__Dataset section__.
____
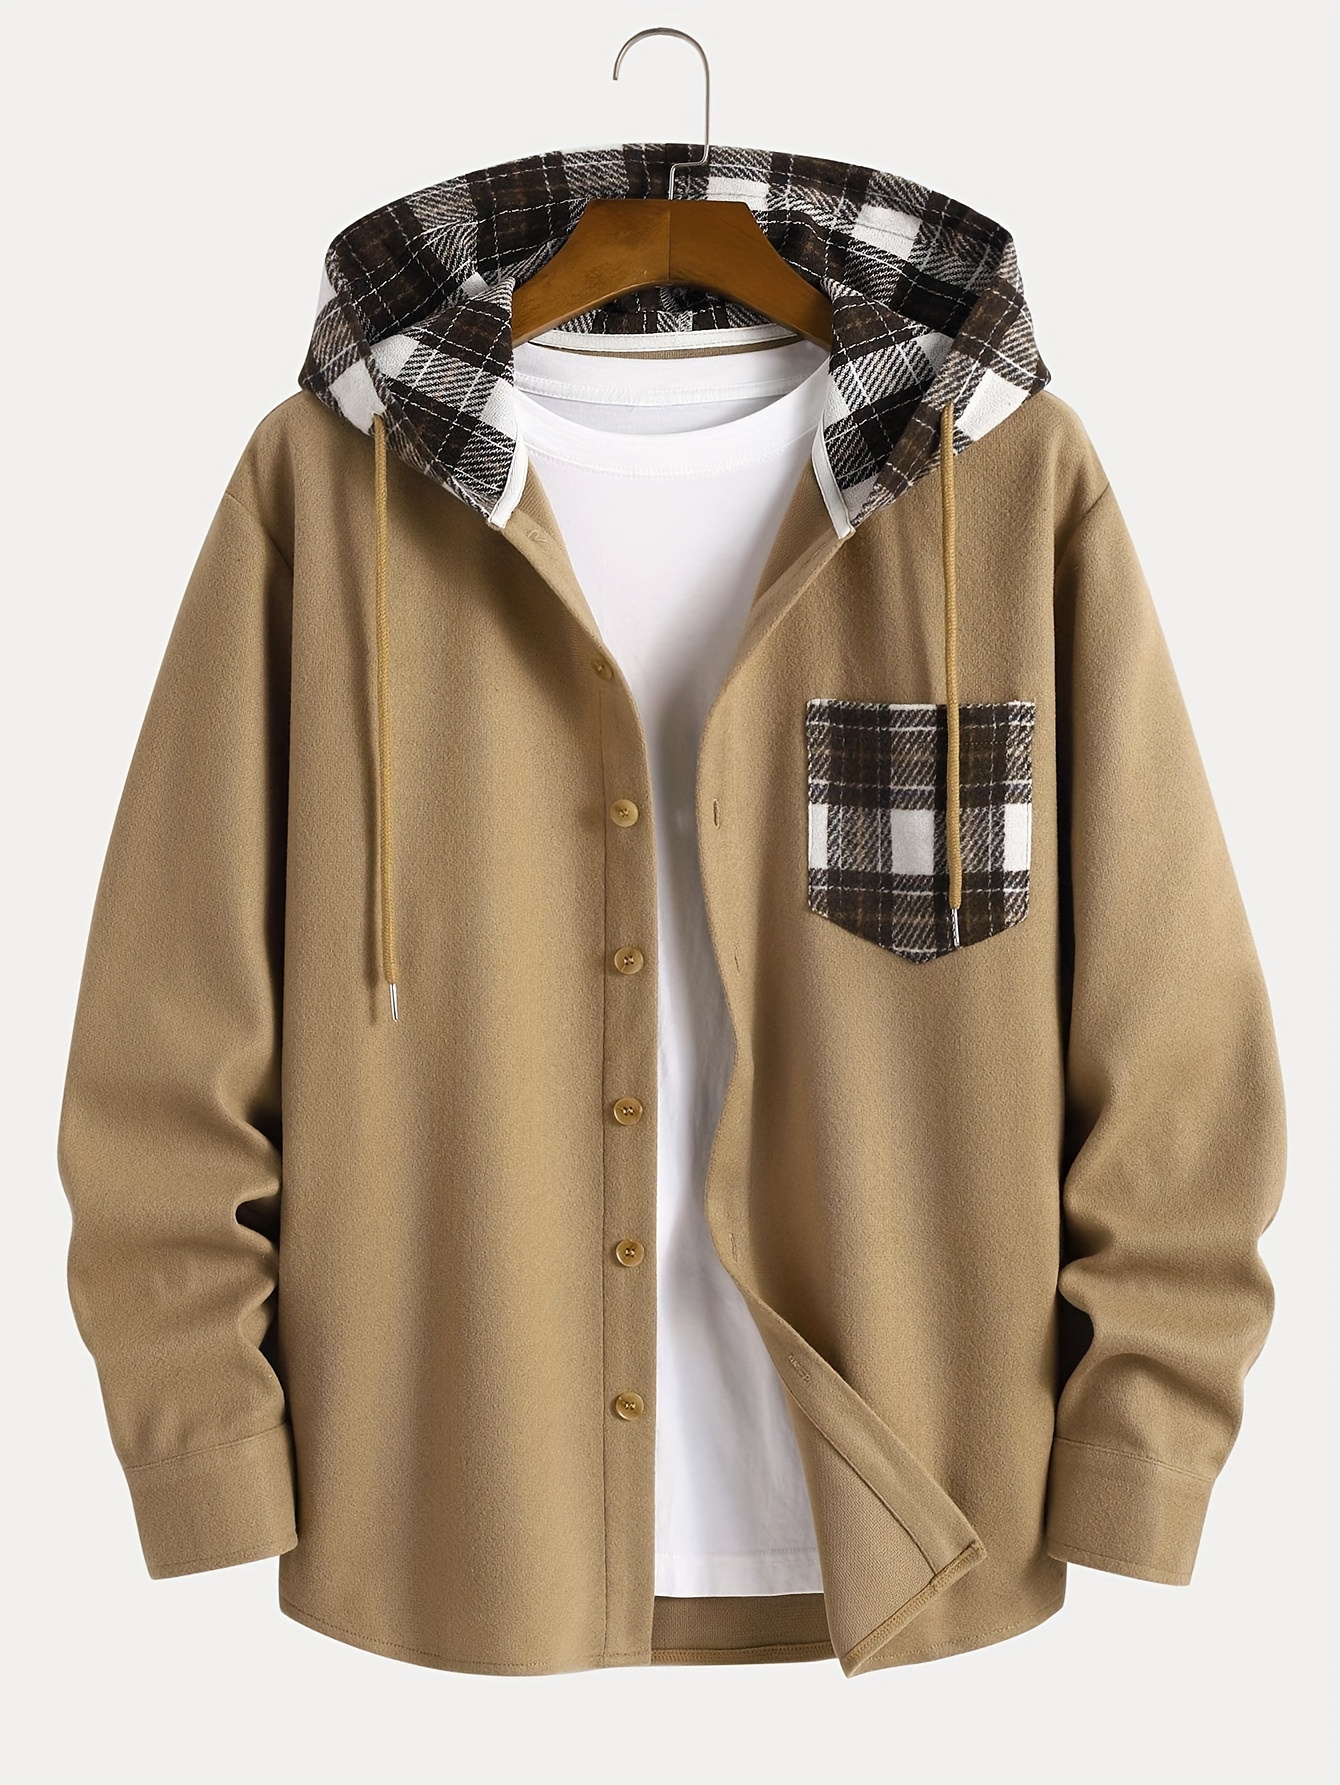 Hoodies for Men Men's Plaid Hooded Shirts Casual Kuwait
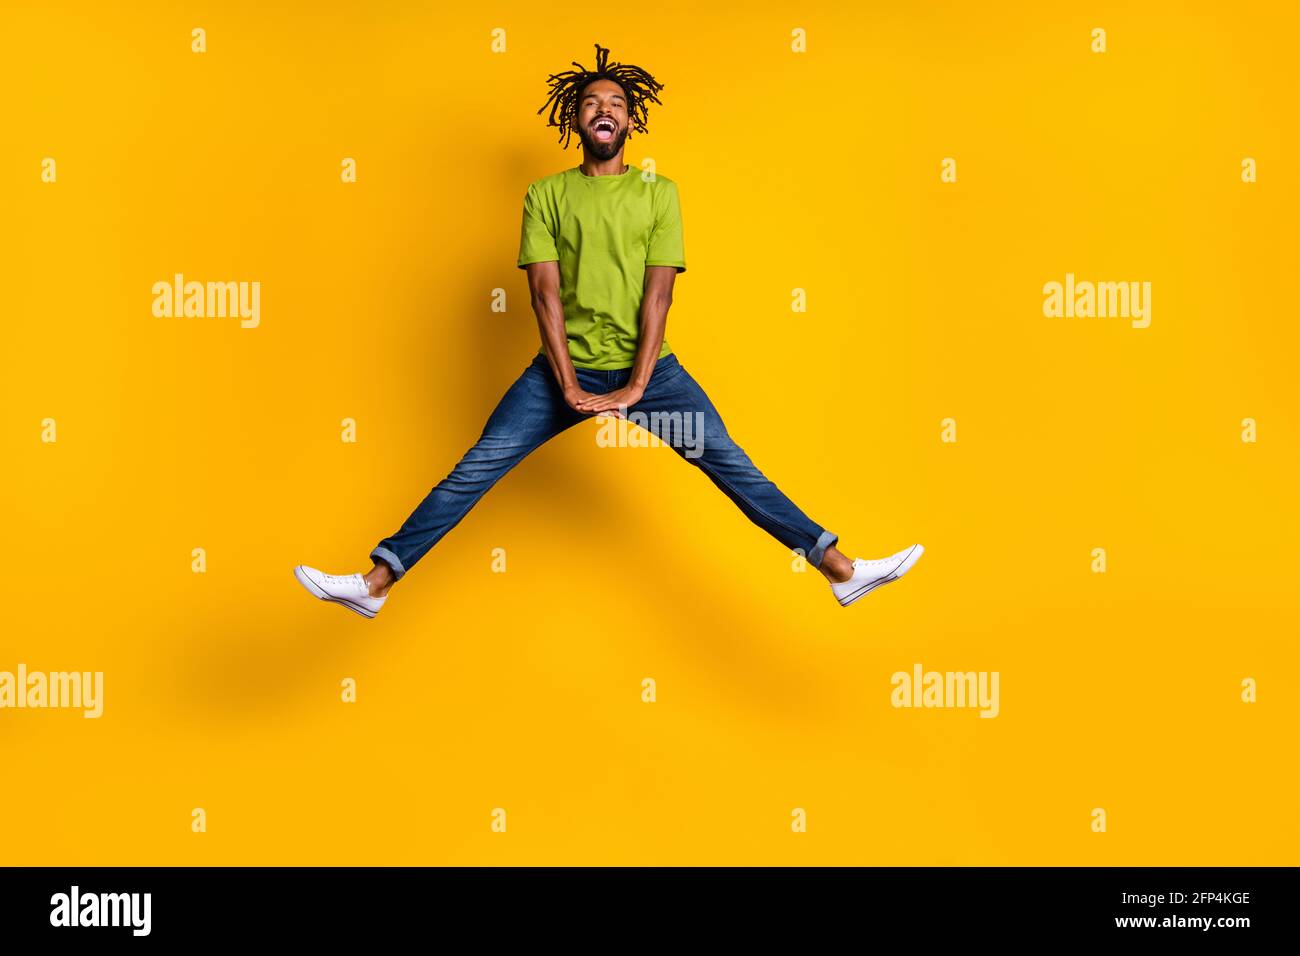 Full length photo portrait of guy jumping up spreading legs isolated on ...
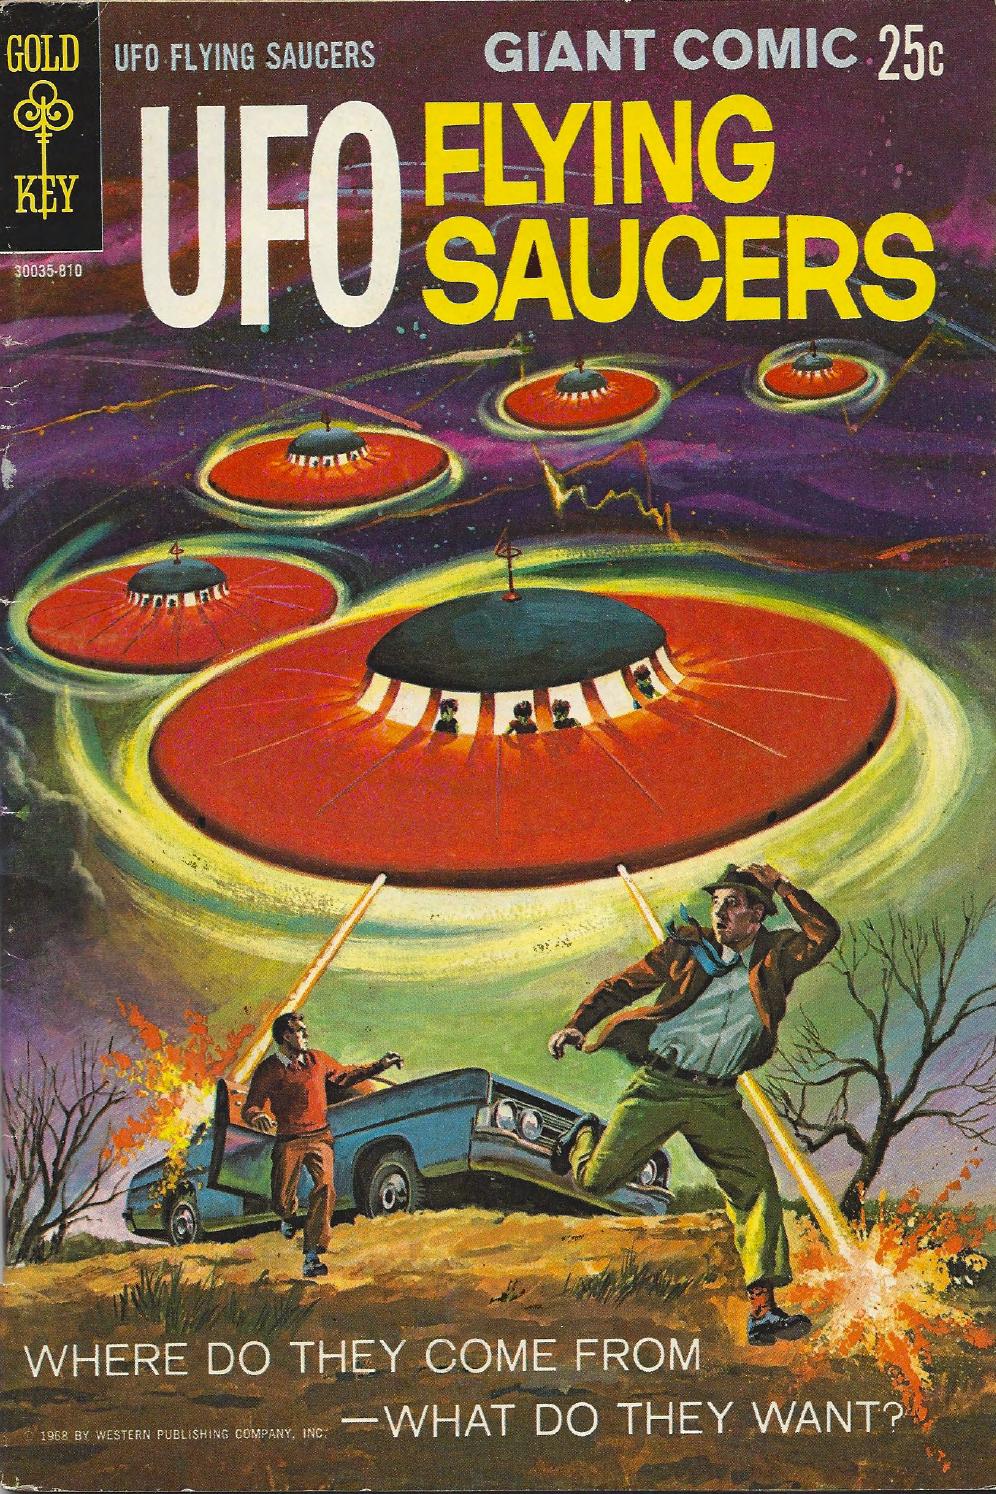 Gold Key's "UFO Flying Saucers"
____
__Your instructions__. With the pictures removed, return the full listing exactly as given.

__Task output__.
 Hoodies for Men Men's Plaid Hooded Shirts Casual Kuwait
 Full length photo portrait of guy jumping up spreading legs isolated on ...
 Gold Key's "UFO Flying Saucers"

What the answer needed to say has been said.